Are transition state analogs enzymes?

Transition state analog: A drug that binds to and therefore inhibits an enzyme because the drug resembles the transition state of a reaction normally catalyzed by the enzyme.

What makes a good transition state analog?

A good transition-state analog: binds covalently to the enzyme. binds to the enzyme more tightly than the substrate.

Why does the interaction of a transition state analogue with the enzyme take place?

Transition state analogs typically bind to enzyme active sites much more tightly than substrate analogs because the enzyme binds the substrate in the transition state more strongly than one in the ground state, as explained by the thermodynamic cycle as previously described.

Does transition state analog enhance enzyme activity?

Although the analog displays similar properties as the original transition molecule, but it has higher affinity for the enzyme than the natural substrate and will ultimately deactivate and inhibit the enzyme and prevent it from binding to a substrate.

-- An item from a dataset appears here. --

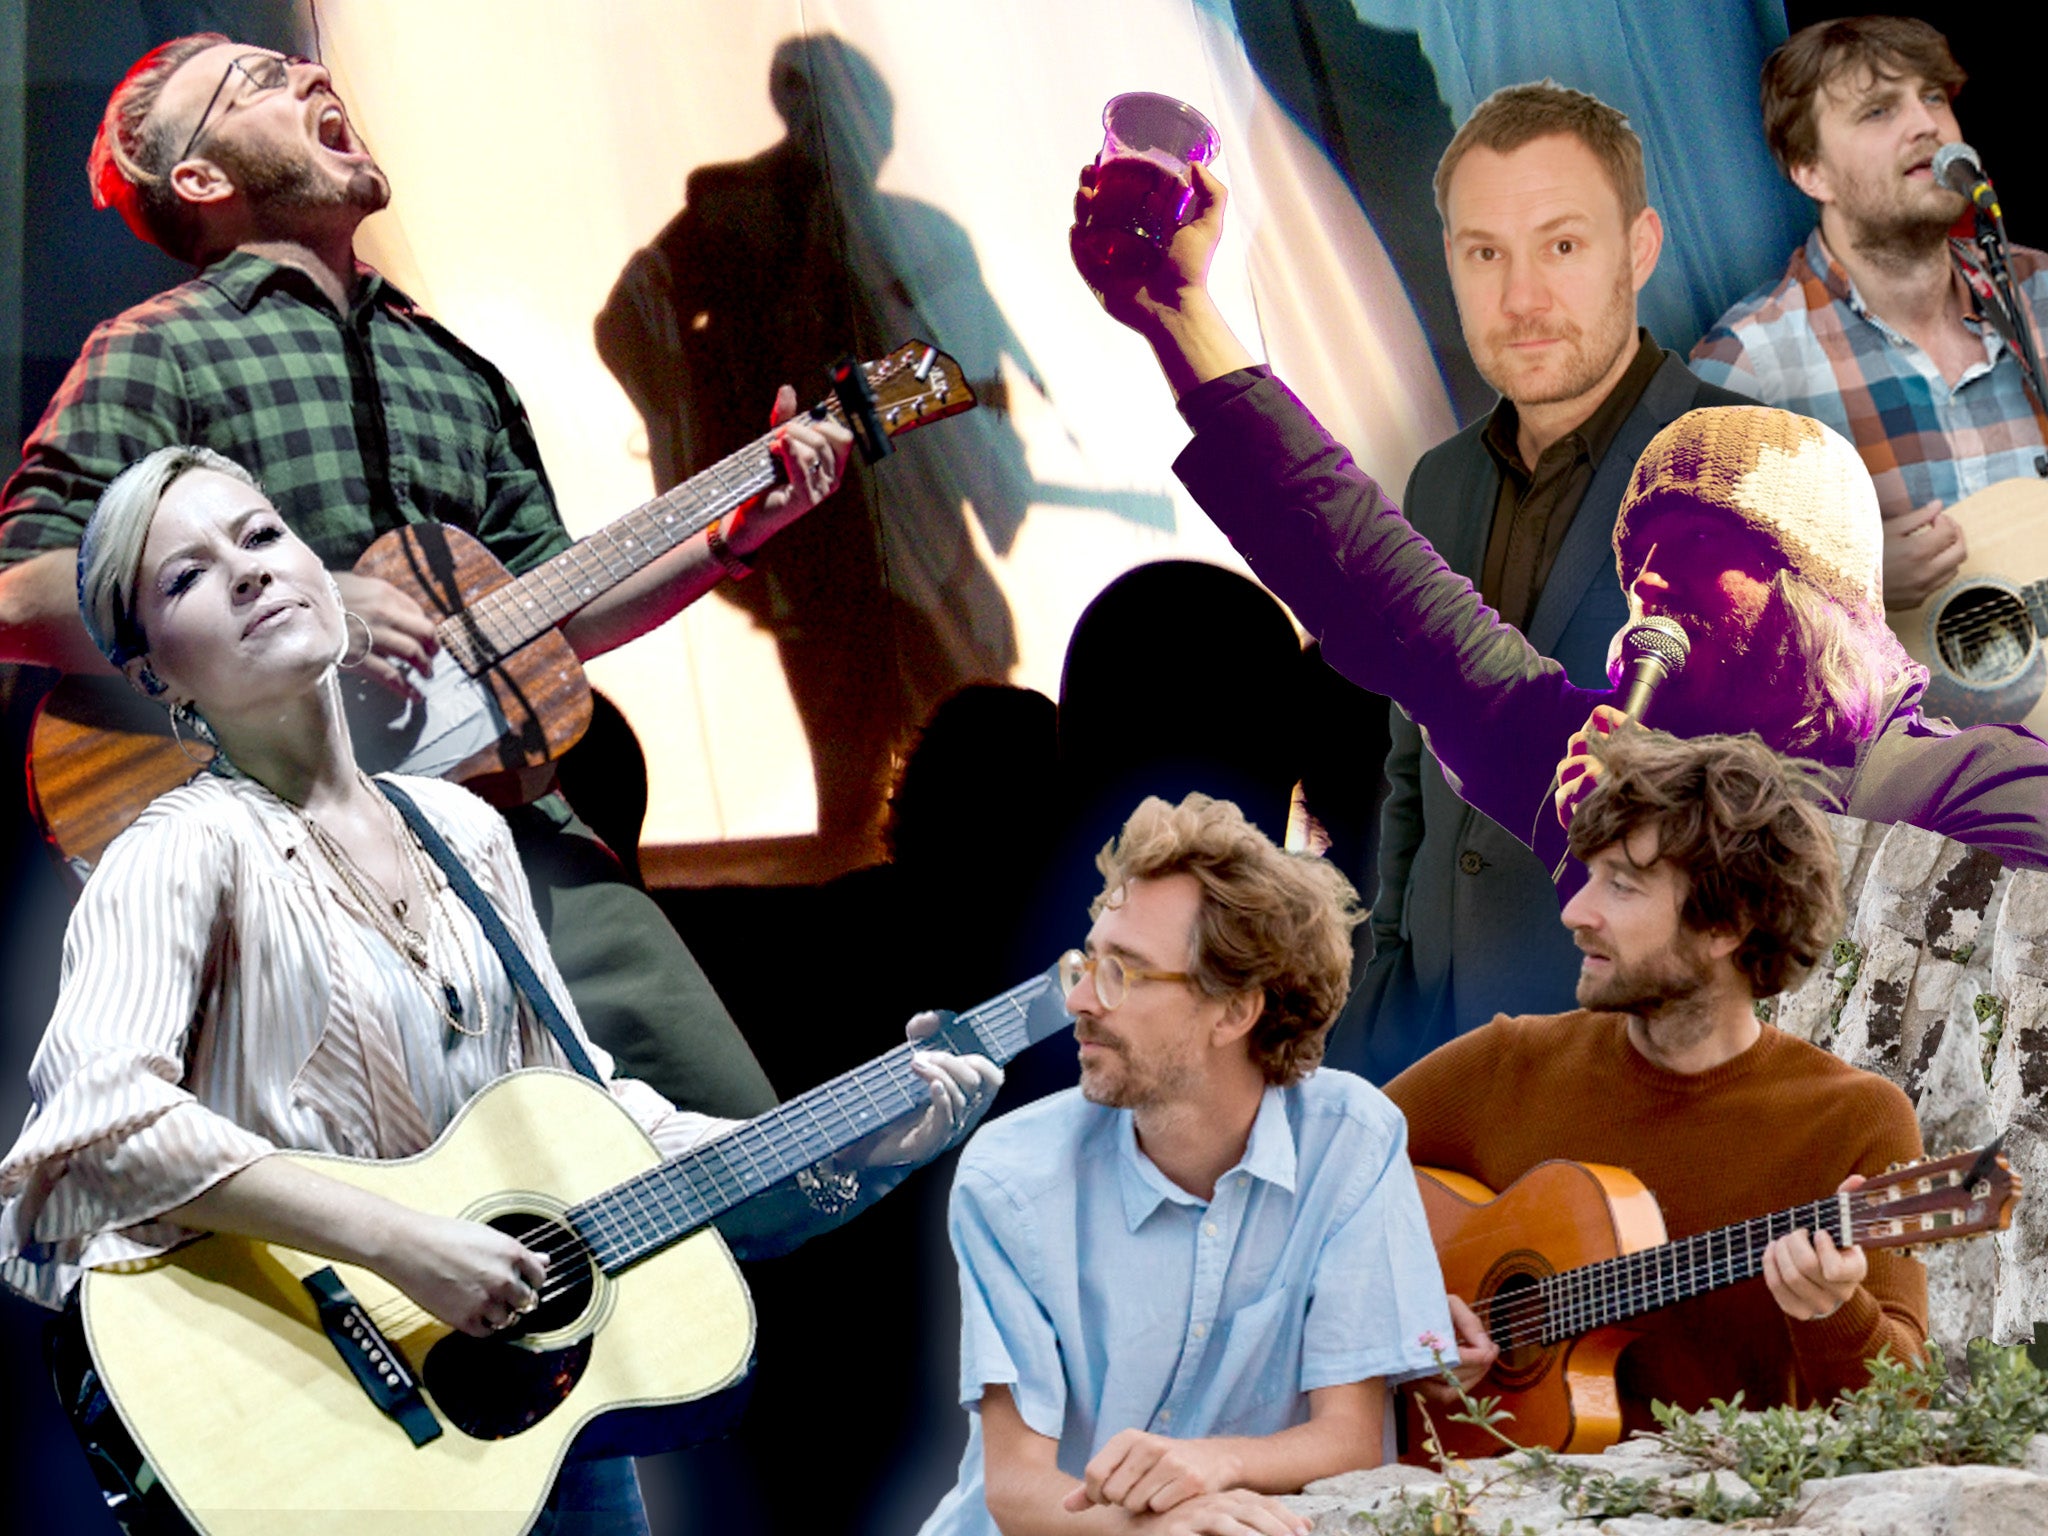 (clockwise from bottom left): Dido, Turin Brakes, David Gray, Starsailor, Badly Drawn Boy, Kings of Convenience

What kind of inhibitors are transition state analogs?

Many are transition state analogs: Competitive inhibitors which mimic the transition state of an enzyme catalyzed reaction (e.g. HIV protease inhibitors such a Saquinavir and Viracept). Transition state analogs are compounds that resemble the transition state of a catalyzed reaction.

What is transition state enzyme?

The transitions state is the intermediary state of the reaction, when the molecule is neither a substrate or product. The transition state has the highest free energy, making it a rare and un-stable intermediate. An enzyme helps catalyze a reaction by decreasing the free energy of the transition state.

Which inhibitor is a transition state analog?

Examples of drugs that are transition state analog inhibitors include flu medications such as the neuraminidase inhibitor oseltamivir and the HIV protease inhibitors saquinavir in the treatment of AIDS.